Upon reaching open pasture, the sheep tried to scatter out at once to graze the tender grass, but Joel kept them all going toward the top. It was a much larger meadow than Sevana had expected, with too much of a curving angle to be seen as a whole from any one spot. Near the upper edge, Joel dropped his pack under a lone pine and stood waiting for a few stragglers to come into sight, but Sevana flung herself down on the ground to catch her breath. And there, with the grassy slope plunging giddily away below her, the blue-gray spires loomed up before her in unguarded splendor—almost as if there was no valley between. “The mountains look almost close enough to touch!” she marveled.
“That’s Graystone, Old Stormy, and Bearclaw.” Joel named for her the three closest peaks with a pardonable touch of pride, for there was no denying the magnificence of those granite monuments as they presided over the valley, glacial ice sparkling, and framed by the meadow and forests sloping in a grand descent into the river canyon. “All the years I’ve been here, I still see them every day as new.”
“Graystone, Old Stormy, Bearclaw,” Sevana repeated, to remember them. Their heights were so dominant, their beauty so vivid, it seemed an artist with a fancy for exaggeration had portrayed his ideal of a lofty mountain trio upon the sweeping canvas of the sky. “I want to paint them,” she said raptly—for from the first moment she’d set eyes on them, there had been no doubt.
“You are an artist?” he asked with interest, joining her in the grass.
“Yes—at least I hope to be. I’m going to study art in Alberta this fall.”
“So you’re out of school. I wouldn’t have thought you old enough,” he said candidly.

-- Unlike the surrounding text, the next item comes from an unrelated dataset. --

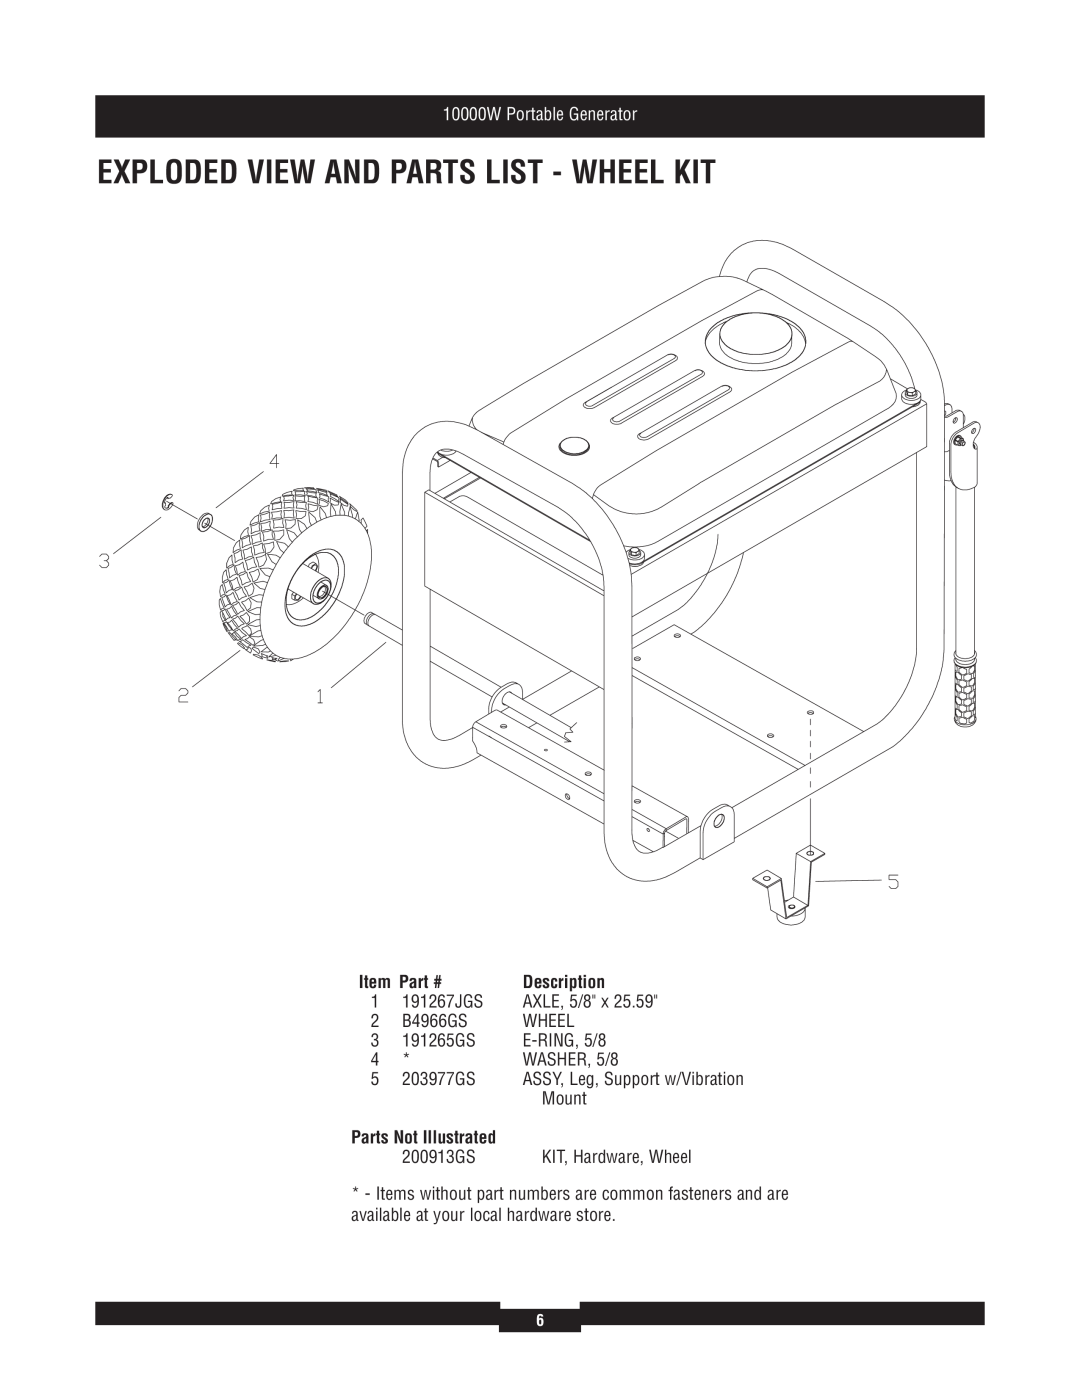 Briggs & Stratton 30207 manual Exploded View And Parts List - Wheel Kit, Parts Not Illustrated, 10000W Portable Generator 
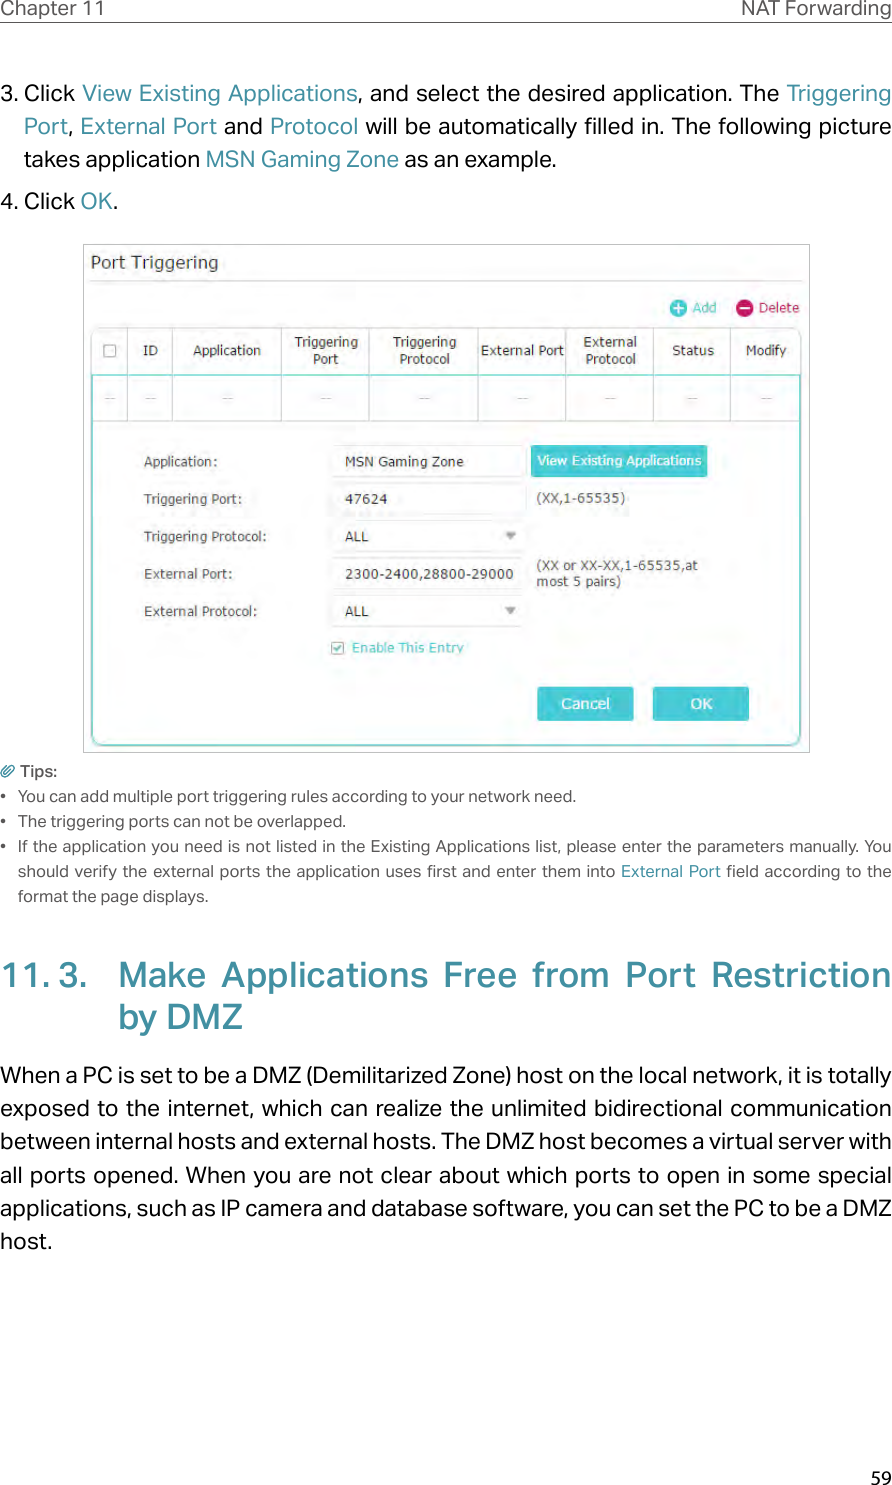 59Chapter 11 NAT Forwarding3. Click View Existing Applications, and select the desired application. The Triggering Port, External Port and Protocol will be automatically filled in. The following picture takes application MSN Gaming Zone as an example.4. Click OK.Tips:•  You can add multiple port triggering rules according to your network need.•  The triggering ports can not be overlapped.•  If the application you need is not listed in the Existing Applications list, please enter the parameters manually. You should verify the external ports the application uses first and enter them into External Port field according to the format the page displays.11. 3.  Make Applications Free from Port Restriction by DMZWhen a PC is set to be a DMZ (Demilitarized Zone) host on the local network, it is totally exposed to the internet, which can realize the unlimited bidirectional communication between internal hosts and external hosts. The DMZ host becomes a virtual server with all ports opened. When you are not clear about which ports to open in some special applications, such as IP camera and database software, you can set the PC to be a DMZ host.

“I’m seventeen,” she said, unconsciously drawing herself a little straighter. But in the presence of the mature, self-possessed man beside her, it didn’t sound as impressive as she would have liked.
He smiled as if he saw something in her he understood. “I struck out to find my own way in life when I was seventeen, too.”
“Did you?” Her night-blue eyes rested on him inquisitively. “What were you hoping to find?”
“The very life I did find,”—and his look seemed to take in the pasture and the sheep and the high peaks at once. “I found in these mountains the home I was looking for.”
That statement went to Sevana’s heart. To hear him talk of his home and see the content in his eyes, made her deeply conscious that she had never known a home—not a true one, where she could feel at rest.
But it was impossible to entertain such introspective thoughts for long, with the sheep to watch. Most of the flock had settled down to graze the rich pasturage, but the lambs were having a real struggle deciding whether to eat or play. They would nibble a little grass, but then their nature demanded they be back to bounding and gamboling on the hillside in the most lighthearted way. Two of them got so caught up in play—butting heads, circling around each other, and leaping comically in the air—that they skittered heedlessly down the slope almost out of sight before Joel gave a shout that stopped them short. “Hawthorn! Blazingstar!”
They came running back up, snatched a few mouthfuls of grass, and went back to playing.